RE: xor operator (DEPRECATED) [ In reply to ]

python-list at python

Nov 13, 2023, 8:44 PM

Post #27 of 34 (245 views)

Permalink

Dom,

I hear you.

As you say, writing your own extension in something like C++ may not appeal to you even if it is faster.

I was wondering if using a generator or something similar in R might make sense.

I mean what happens if you write a function that includes a "yield" or two and does a part of what you want. It maintains some internal state between invocations. So you can call it once to setup things then call it repeatedly to keep processing the next item. You stop calling it when you get a result you want, such as that it has seen what you want N times.

Since the code stays in memory, it may effectively run faster than some other kinds of functions calls. It can keep things in internal storage such as not just how many N you want but how many it has seen.

Your outer function can maintain a list of the items you want to XOR or generate a new one dynamically as needed. It can use functional programming techniques to create a new customized version of the iterator, such as with a value of N built in. You would then call the outer function and let it use the inner function till the result is available or until the data in the iterator runs out or perhaps other tweaks involving two way communication of sorts between the functions.

I am NOT suggesting this approach is optimal or fast but merely wondering if something along these lines is worth trying that might speed things up even if not very fast. Such approaches can be even more effective if what you are working on need not all be instantiated up front but can be dynamically calculated or incrementally read from files. With care, you can make multiple instantiations that each iterate over their own sets of data without interference.

Just a thought. In a sense, this can be a slightly decent substitute for the non-standard evaluation in R where you can arrange for lots of your data to not be interpreted till absolutely needed.
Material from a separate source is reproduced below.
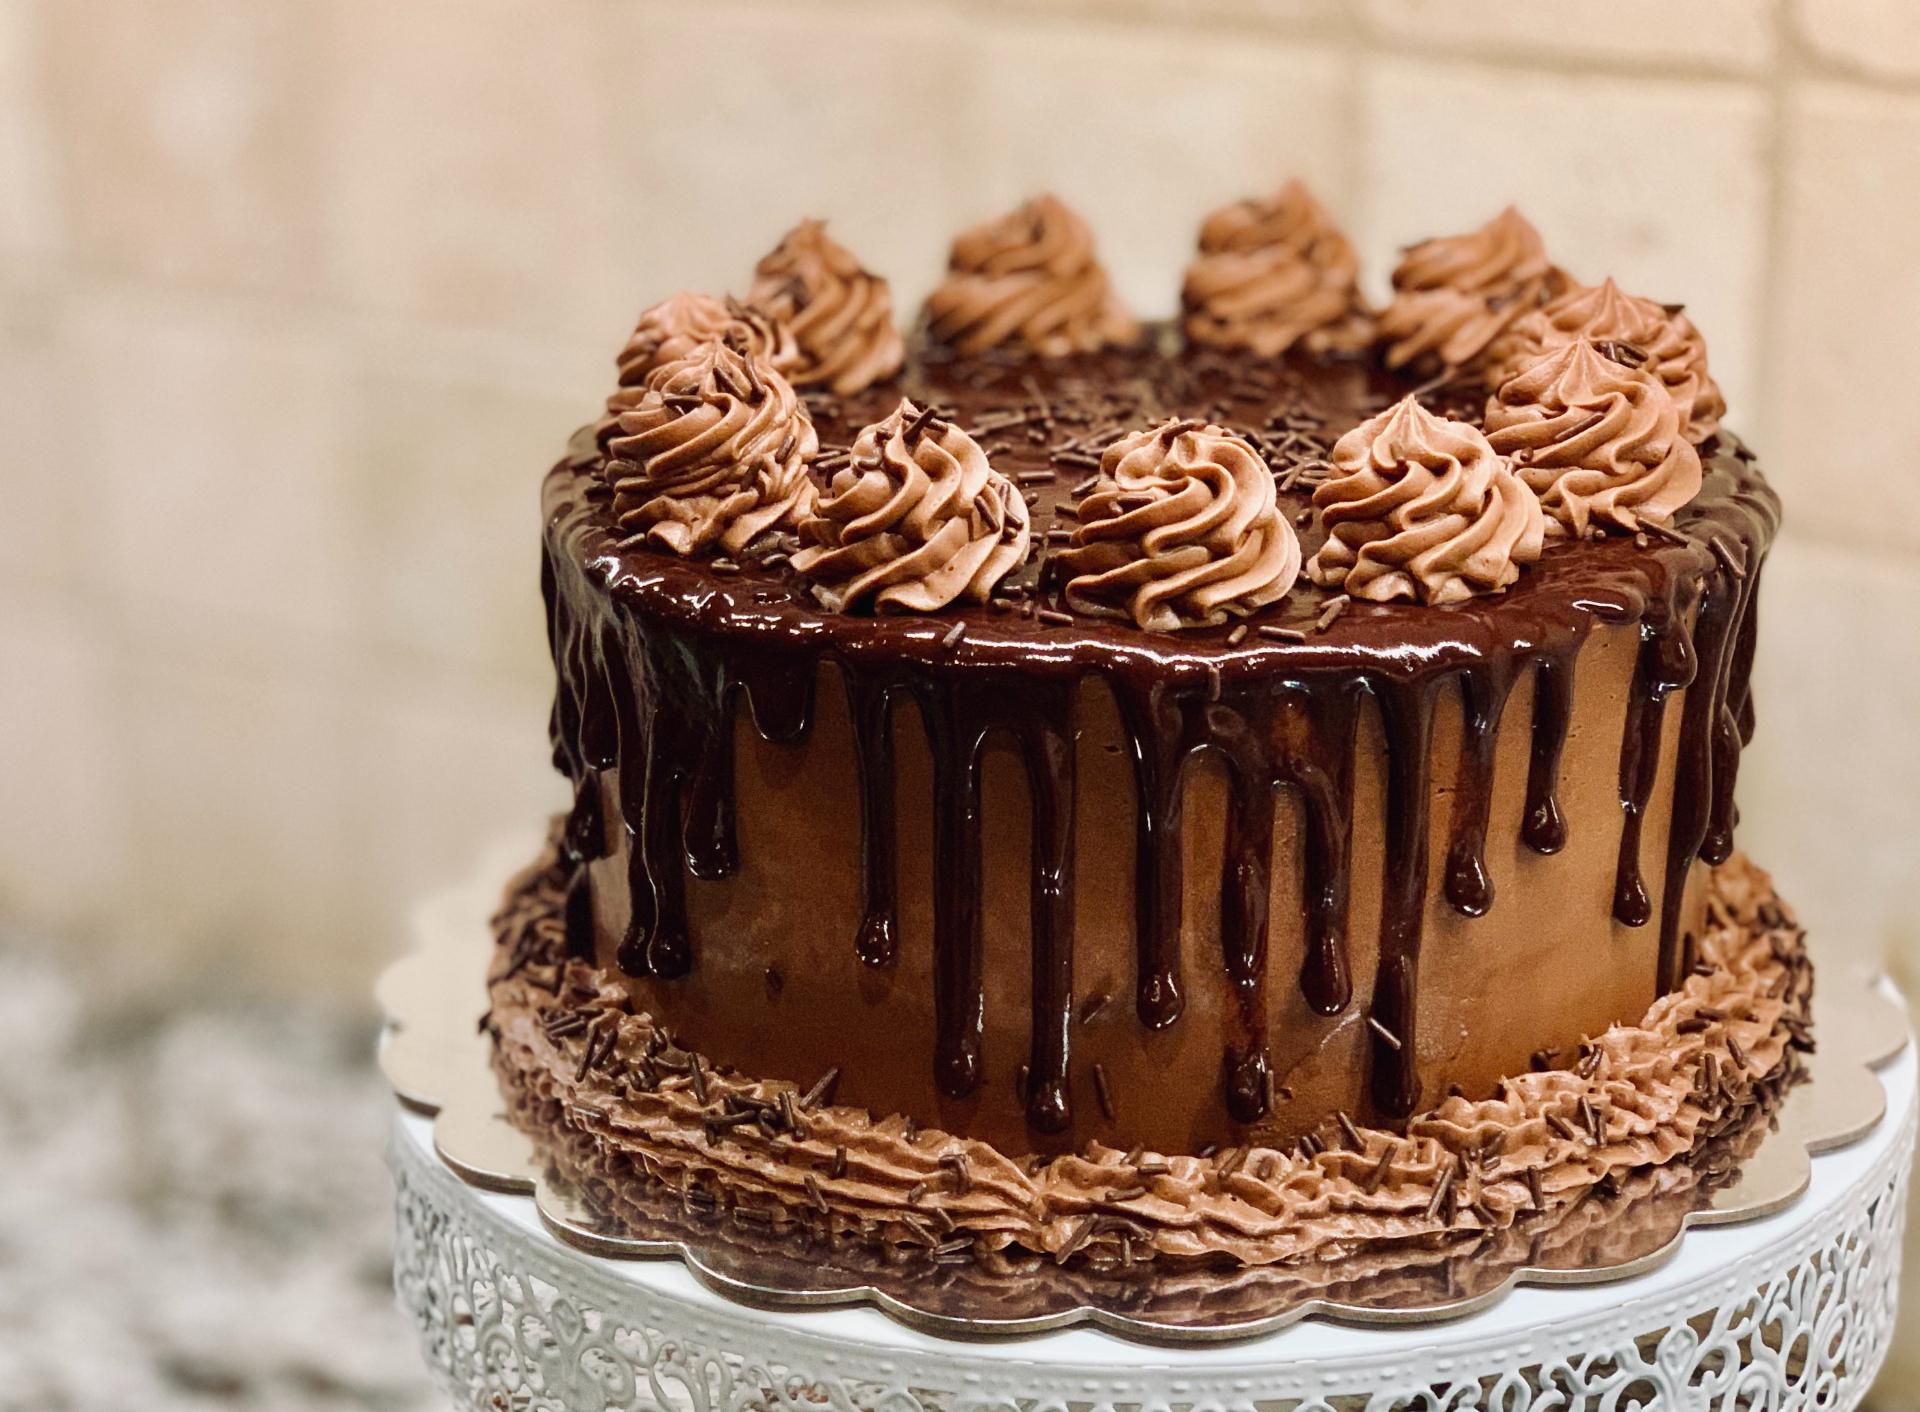 Delicious chocolate cake. Cakes are the kings of desserts because they're the most famous. If you dont sell this dessert on your coffee shop you're losing money

-----Original Message-----
From: Dom Grigonis <dom.grigonis@gmail.com>
Sent: Monday, November 13, 2023 10:12 PM
To: avi.e.gross@gmail.com
Cc: Grant Edwards <grant.b.edwards@gmail.com>; Python <python-list@python.org>
Subject: Re: xor operator (DEPRECATED)

Fair point. However, I gave it a shot for the following reason:

I couldn’t find a way to make such performant function. Using python builtin components still ends up several times slower than builtin `all`. Cython or numba or similar is not an option as they do not support `truth` values. Or if they do, it ends up slower than pure python variant.

So all what is left is writing a proper extension. Which I would prefer not to do for 1 function. I thought maybe `xor`, as in logical XOR functionality in its vanilla case could be compelling. And after doing a bit of search I see that very very few languages have that and it seems for a good reason.
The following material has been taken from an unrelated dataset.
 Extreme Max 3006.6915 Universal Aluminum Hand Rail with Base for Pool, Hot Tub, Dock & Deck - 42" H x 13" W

Some that do: R, thats all I could find. Although some (if not many) went through the proposal phase. And yes, none of them have a function that I am proposing.
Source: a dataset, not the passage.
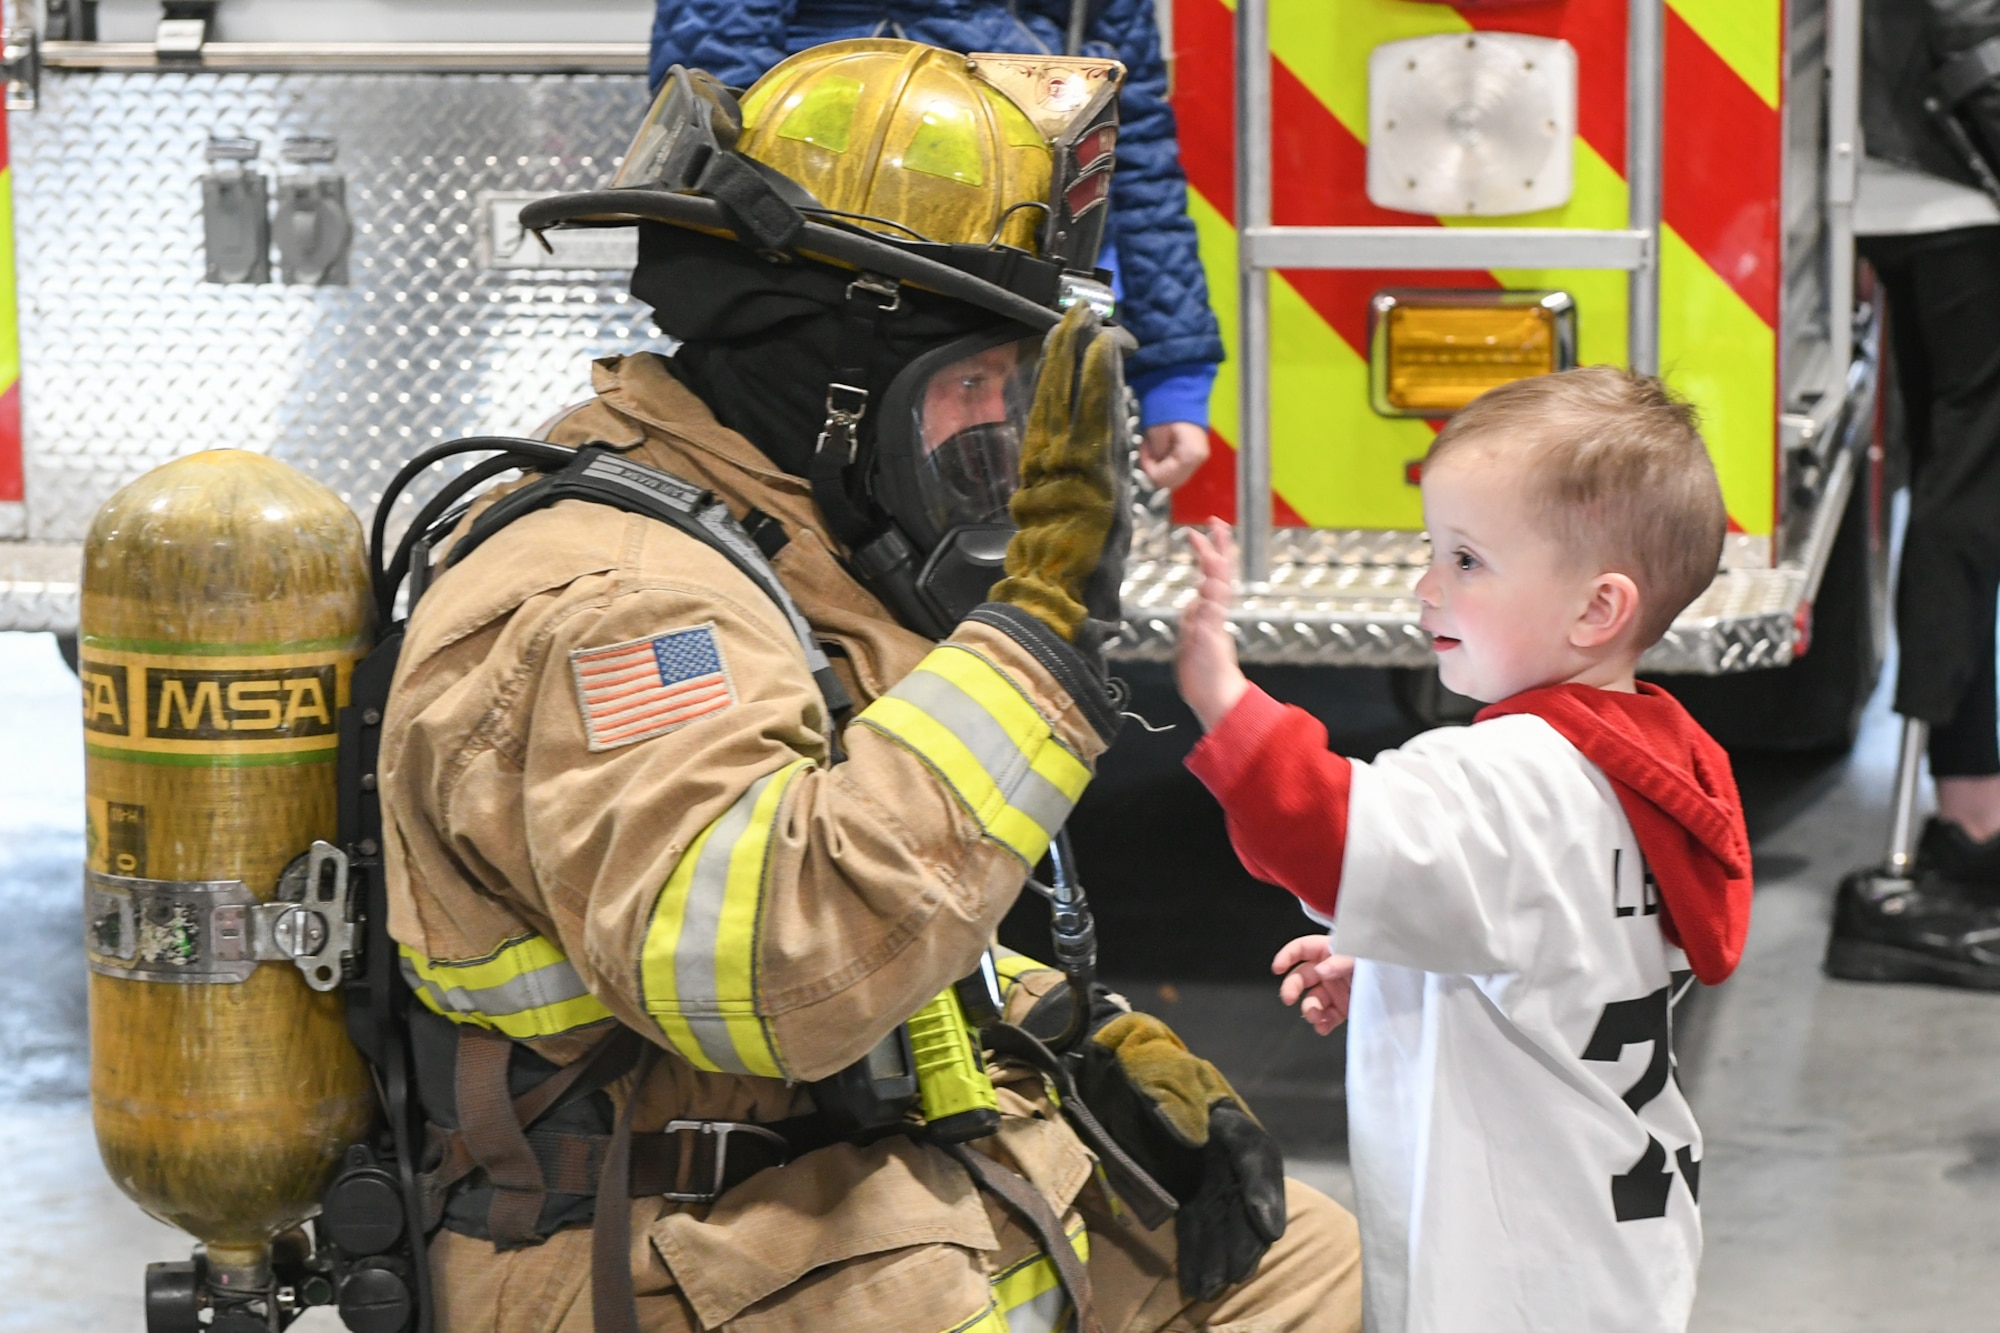 Clark Lenehan high-fives Duncan Hutchinson, a firefighter with 775th Civil Engineering Squadron, during a visit to the fire department Oct. 11, 2018, at Hill Air Force Base, Utah. The visit was part of a 75th Air Base Wing-hosted base tour for Make-A-Wish Utah children and their families. (U.S. Air Force photo by Cynthia Griggs)

So yes, you are right, not a good proposal.

But there still seems to be the need for short-circuiting performant implementations in python space. The issue is that there are many variants of what might be needed while there is no efficient solution to sourcing predicates from python to lower level implementations. Someone mentioned that numpy experimented with such implementations in C, but they did not get anywhere with it.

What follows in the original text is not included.